### Problem requirements
Repeat exactly the lines below from the line that contains "If you have" to the last line, inclusive, without the pictures.

### Data segment
-----

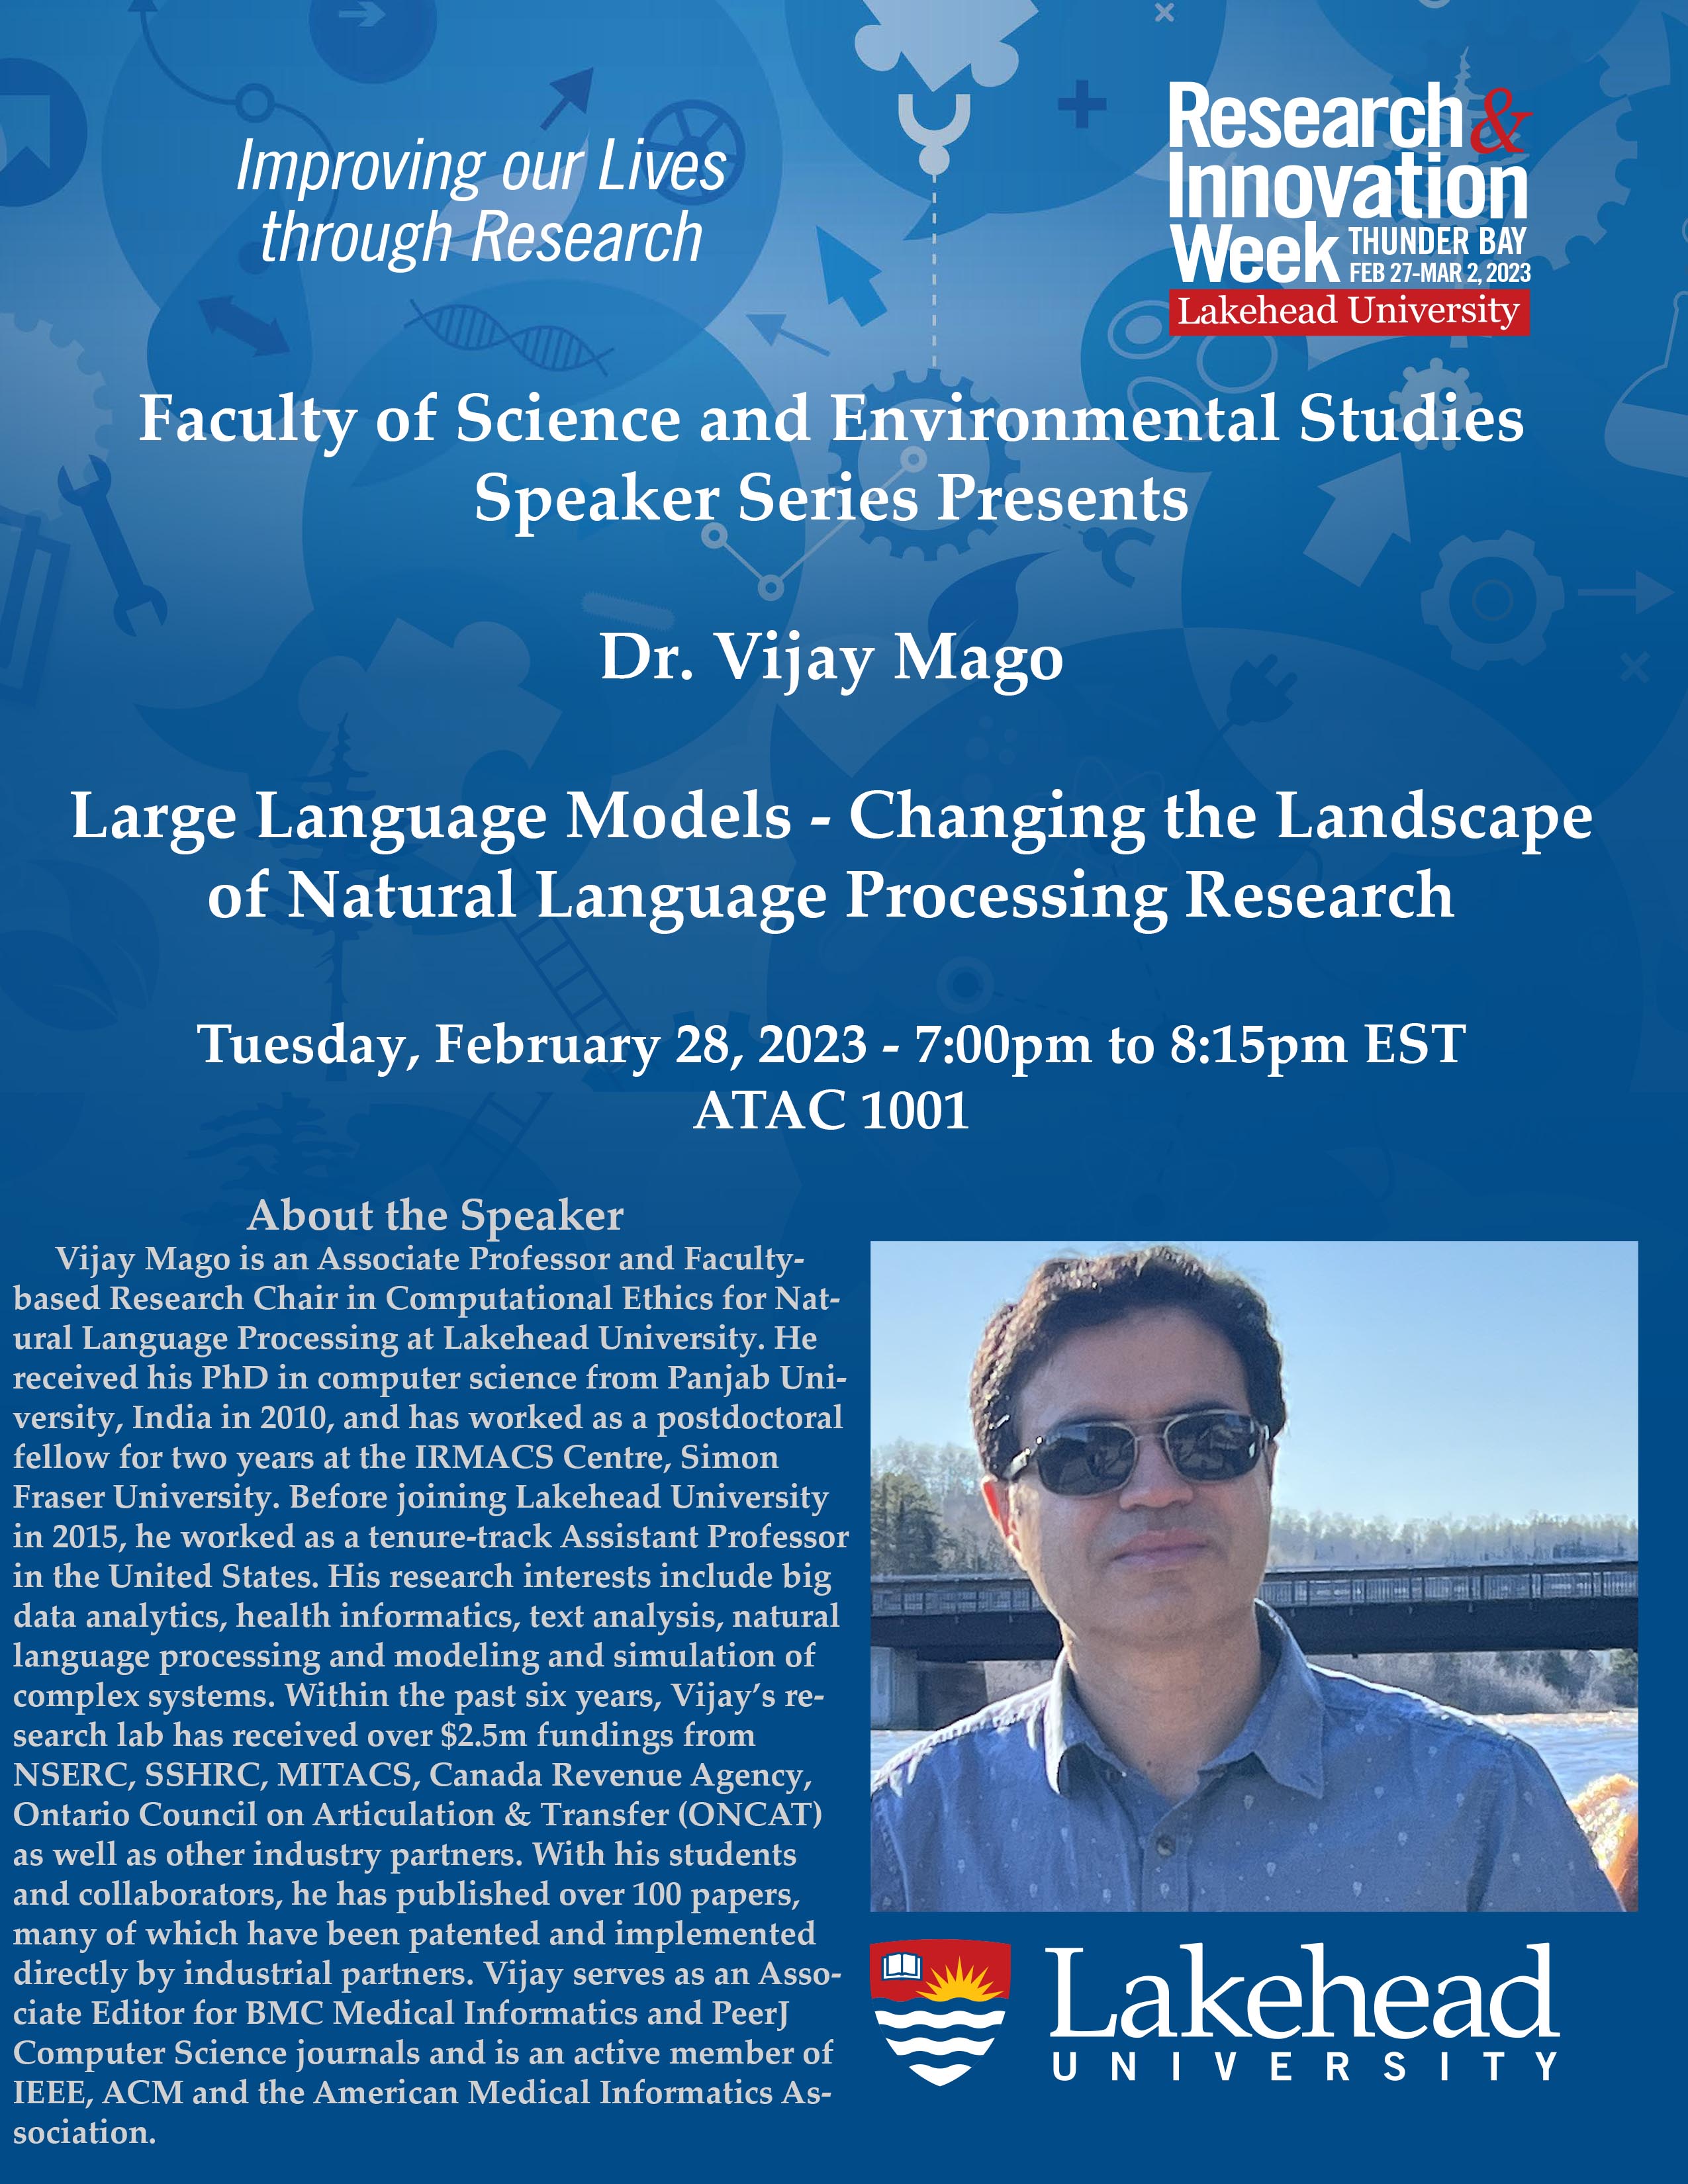 Poster for:  "Large Language Models - Changing the landscape of Natural Language Processing Research", Dr. Vijay Mago: Science and Environmental Studies Speaker Series Presentation
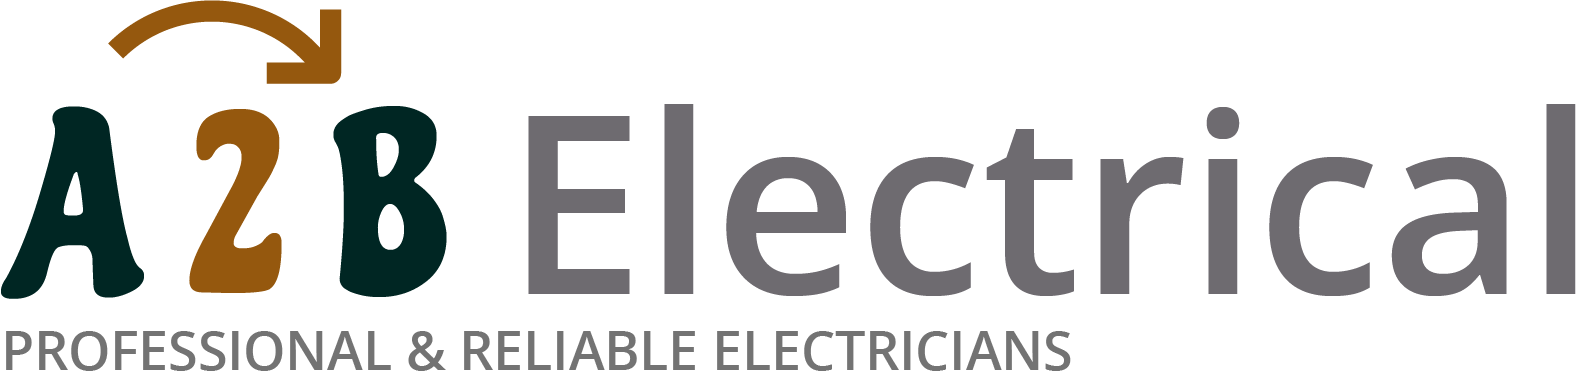 If you have electrical wiring problems in Leighton Buzzard, we can provide an electrician to have a look for you. 
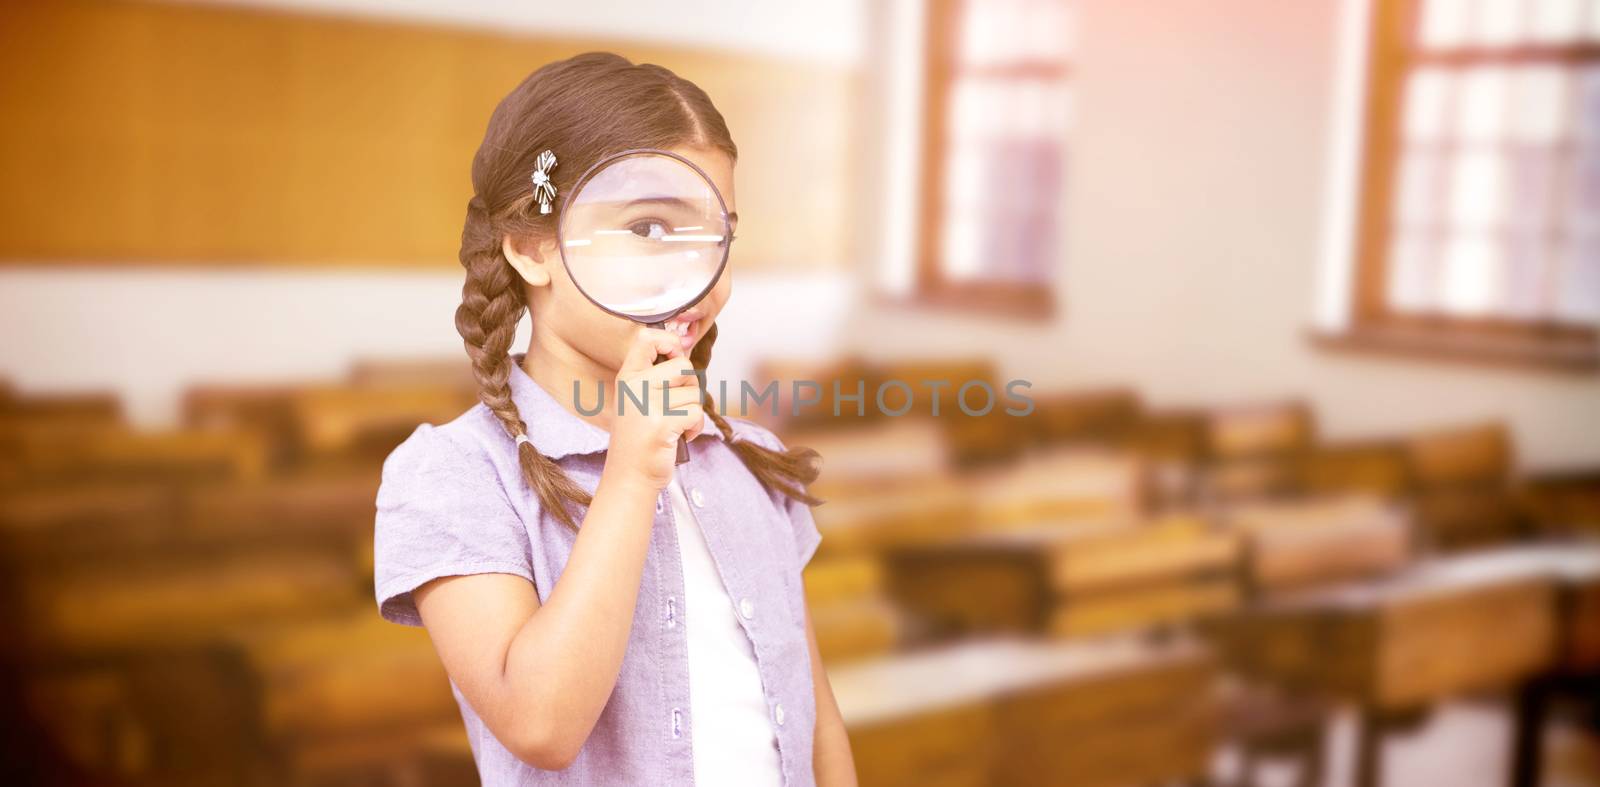 Pupil looking through magnifying glass against empty classroom

-----

### Exercise result
 If you have electrical wiring problems in Leighton Buzzard, we can provide an electrician to have a look for you. 
 Pupil looking through magnifying glass against empty classroom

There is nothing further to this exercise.